TO DO:
Return, exactly and in full, the lines of the records below starting at the one with "3-18-20 ACEC/MA Web Report on Legislation" and ending at the one with "Satechi Aluminum Laptop", and no other lines.

#### RECORDS FOR THE TASK ####

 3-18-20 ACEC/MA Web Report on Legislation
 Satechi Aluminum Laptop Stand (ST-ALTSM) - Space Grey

####
#### RECORDS FOR THE TASK ####

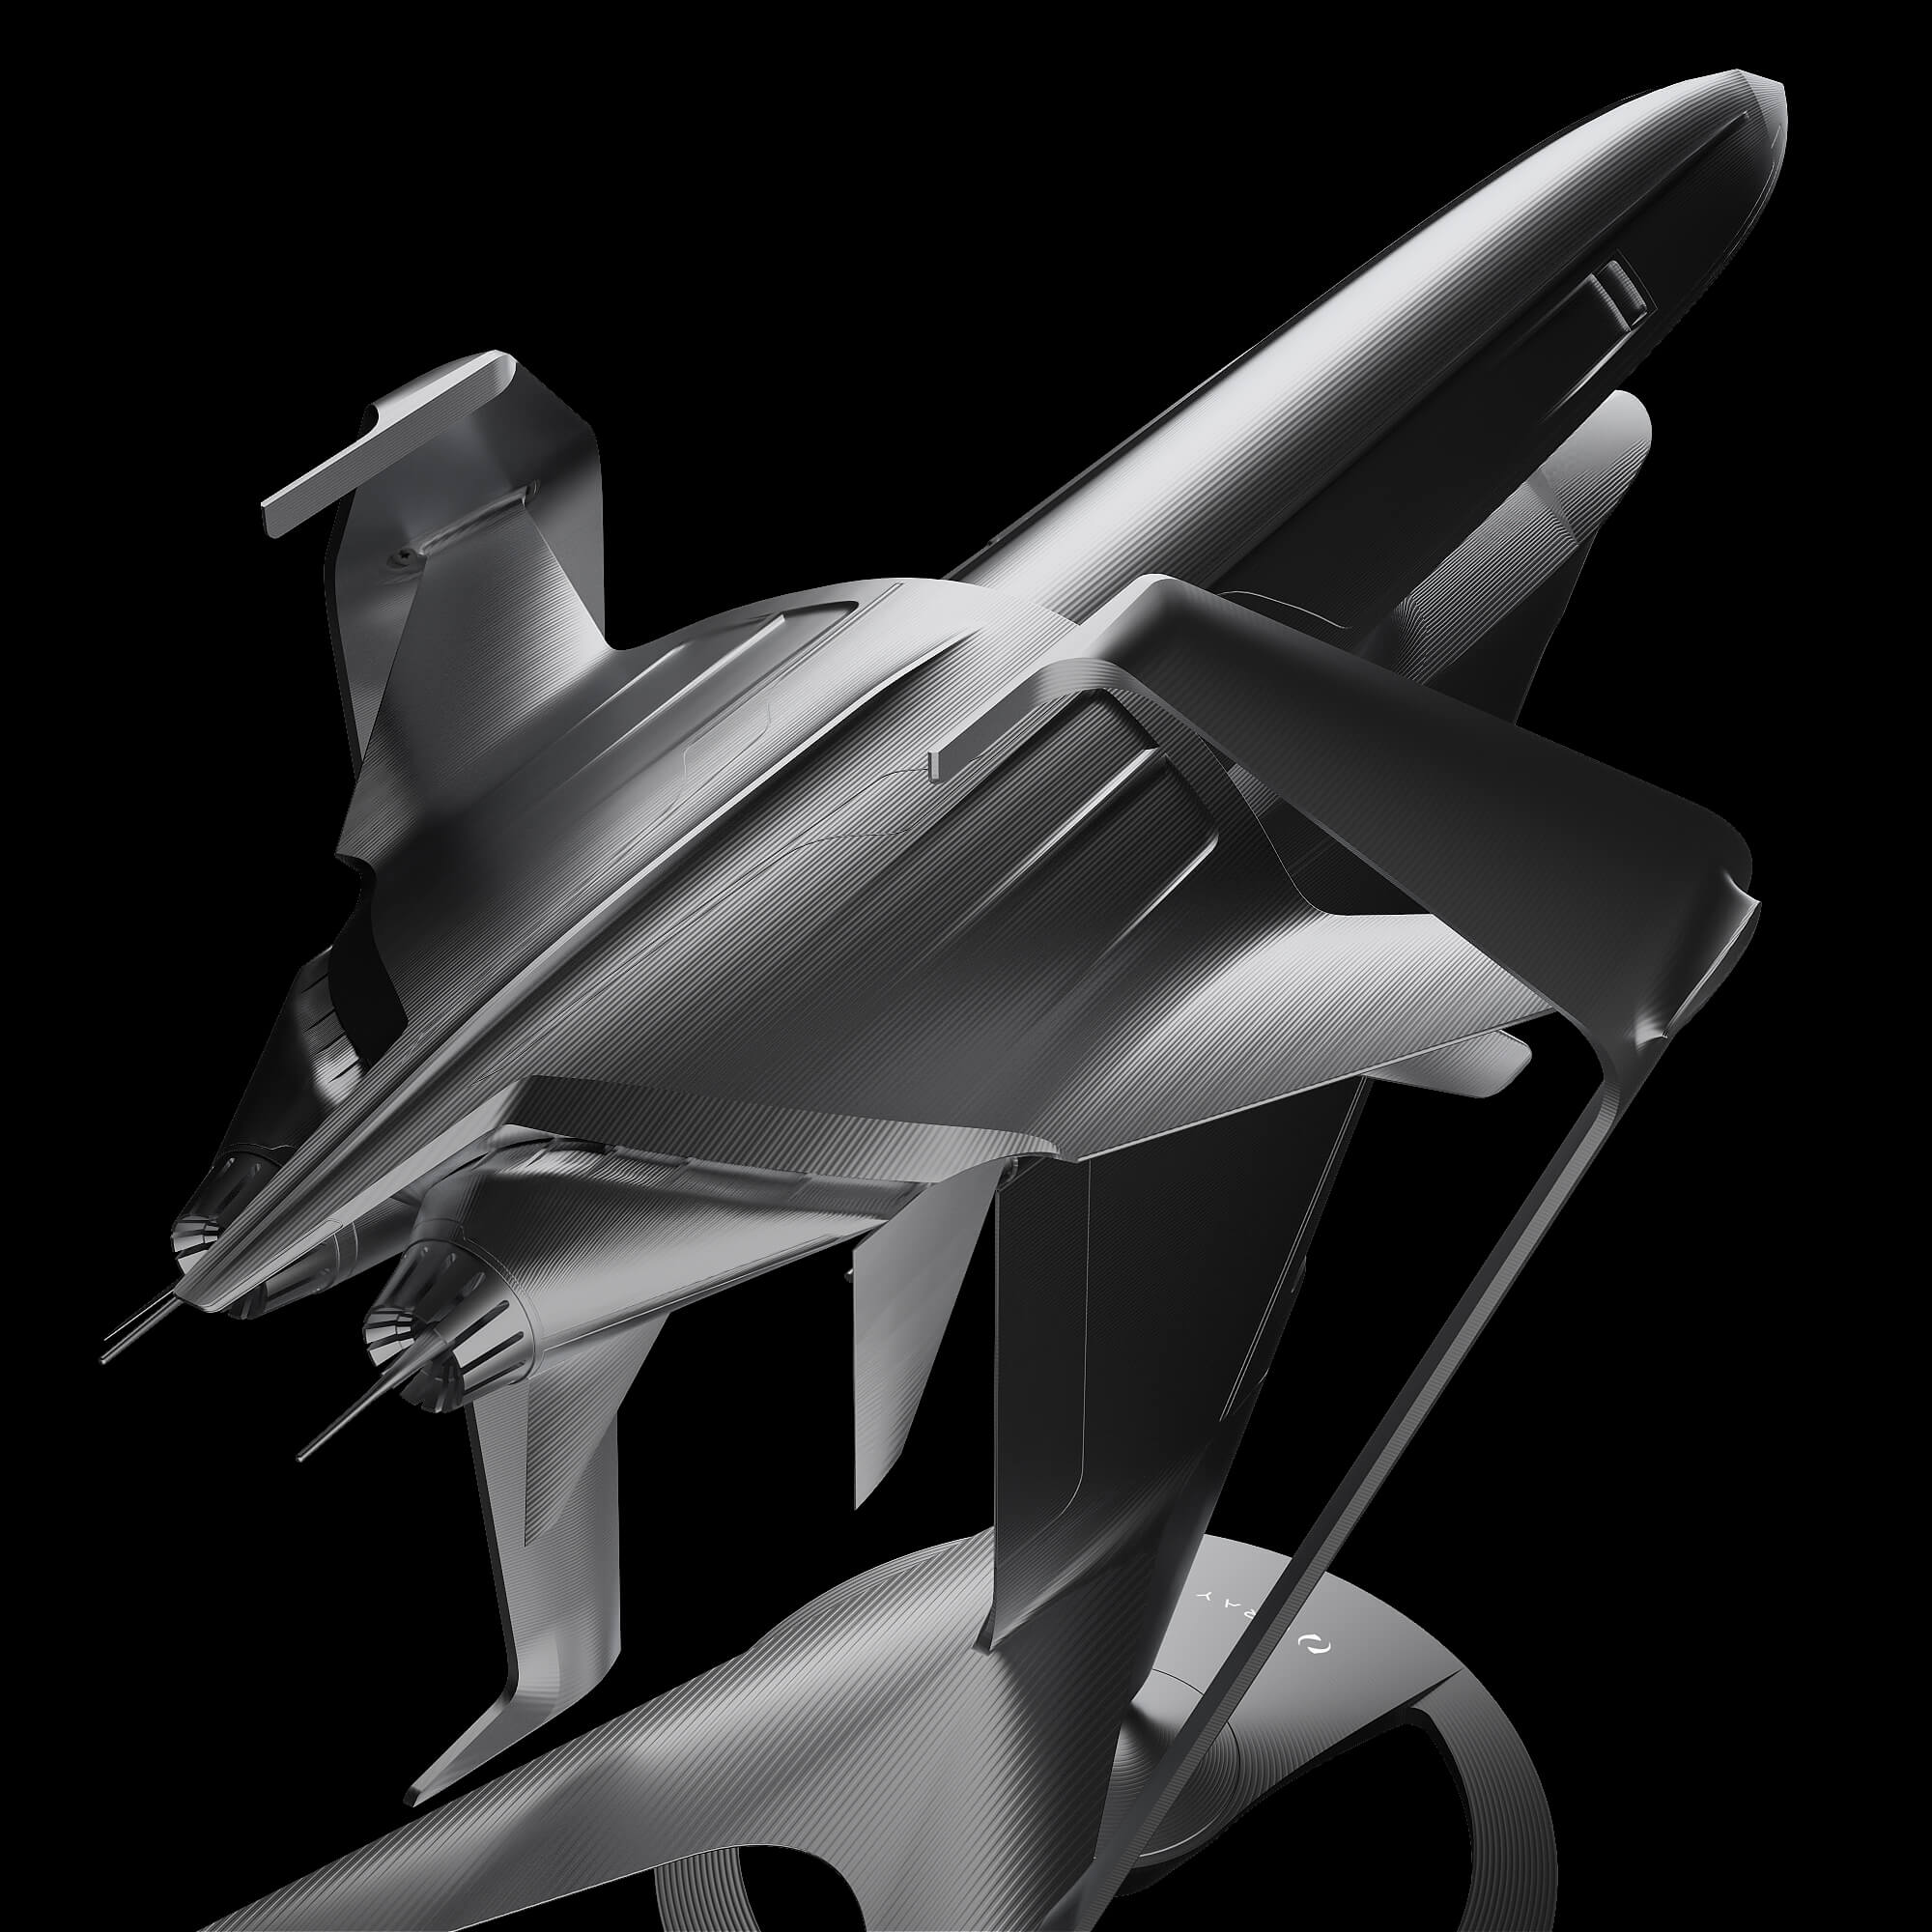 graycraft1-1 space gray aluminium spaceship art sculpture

####

OUTPUT:
 3-18-20 ACEC/MA Web Report on Legislation
 Satechi Aluminum Laptop Stand (ST-ALTSM) - Space Grey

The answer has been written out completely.